GLAD: Other than these unfortunate events, it is believed that the number of civilian casualties during the ‘Merciful Angel’ campaign surpassed that of the September 11 attacks, although no major Western government or media outlet would ever acknowledge this.

‘Merciful Angel’ is how the seventy-eight days of NATO bombardment became known in Serbia. Some accounts suggest that it is a mistranslation of the official US name, Operation Noble Anvil. Estimates of casualties vary heavily depending on sources – from five or six hundred to several thousand. However, such calculations do not take into account the long-term effects of destroyed infrastructure, displacement of civilians, and emotional scars.

GLAD: If we’re talking about the impact on our collective psyche, I’m not sure we were greatly affected. By then, it was just cherry on the cake after almost a decade of conflict, financial struggle, power outages, skyrocketing inflation, and international sanctions. Once depleted uranium had stopped raining from the sky, most of us simply resumed our lives as before. Then again, no one undergoes such a disaster and emerges unscathed. Afterwards, I recall feeling a certain discomfort whenever I heard a siren. Being subjected to that eerie noise day after day for months on end was akin to Chinese torture.

The bombing campaign forced Serbia to withdraw the Yugoslav security forces from Kosovo. In their stead, NATO troops were deployed to maintain peace and security, and a United Nations interim administration was established to oversee the transition to self-governance.

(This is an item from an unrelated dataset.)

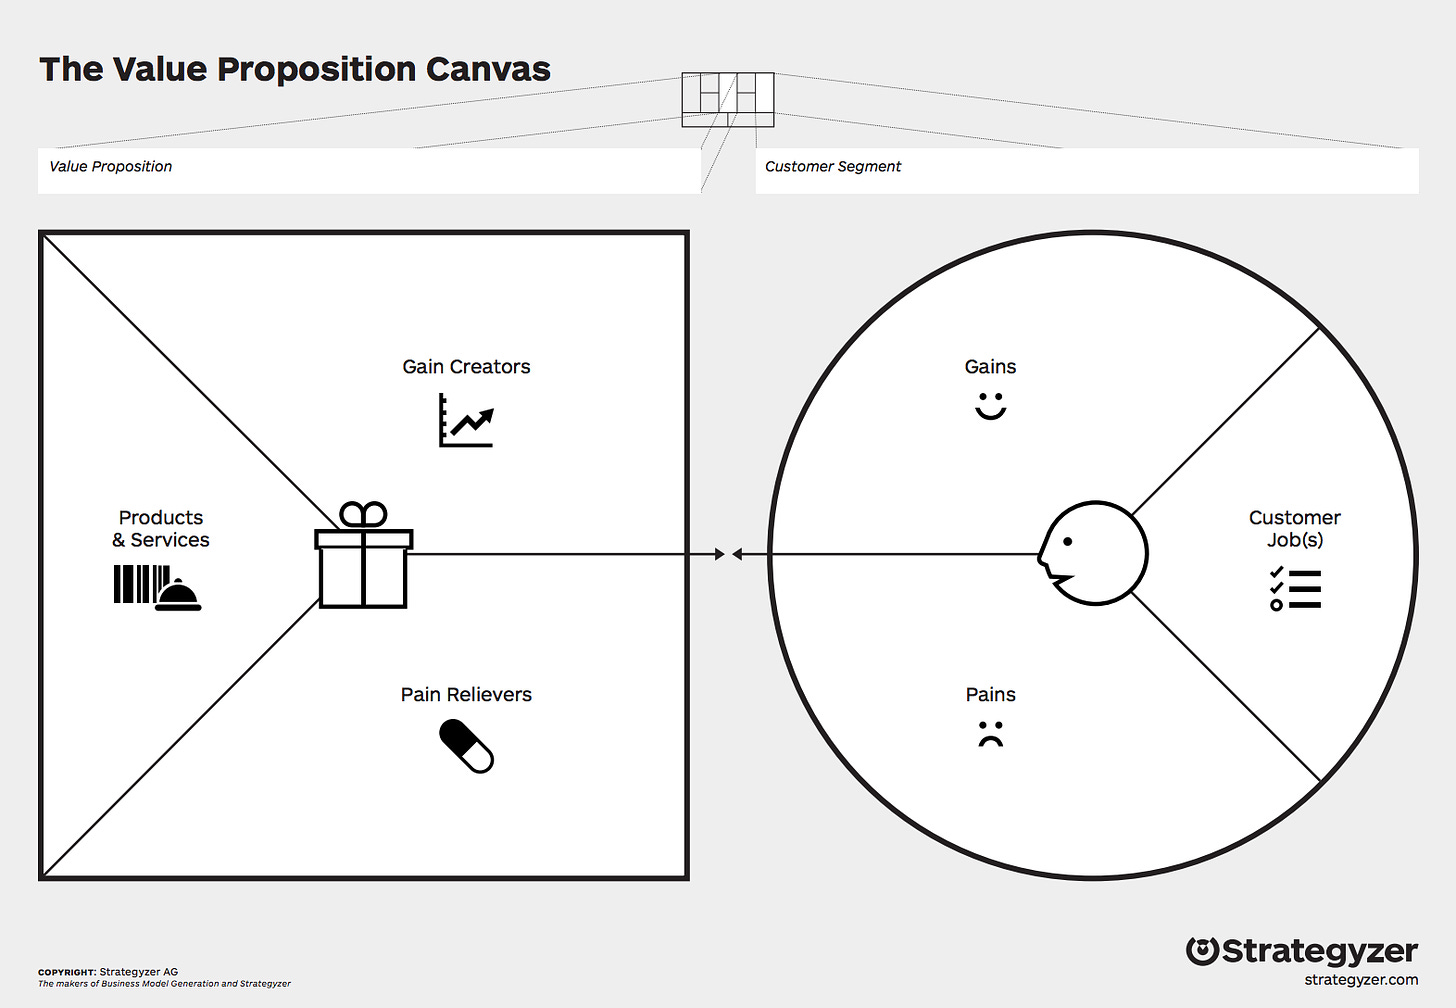 Strategyzer's Value Proposition Canvas

KOZELJNIK: Looking back now, it’s clear that the NATO aggression of 1999 was the final nail in the coffin of Yugoslavia. Even then, we all knew that this unprecedented act had nothing to do with saving the ‘poor Albanians’ from a humanitarian crisis, but rather served as a convenient excuse to shell the shit out of our country. It was part of a twisted political agenda with the aim of dismantling communist and established socialist regimes in Eastern Europe and replacing them with Western-style democracies – no matter the price.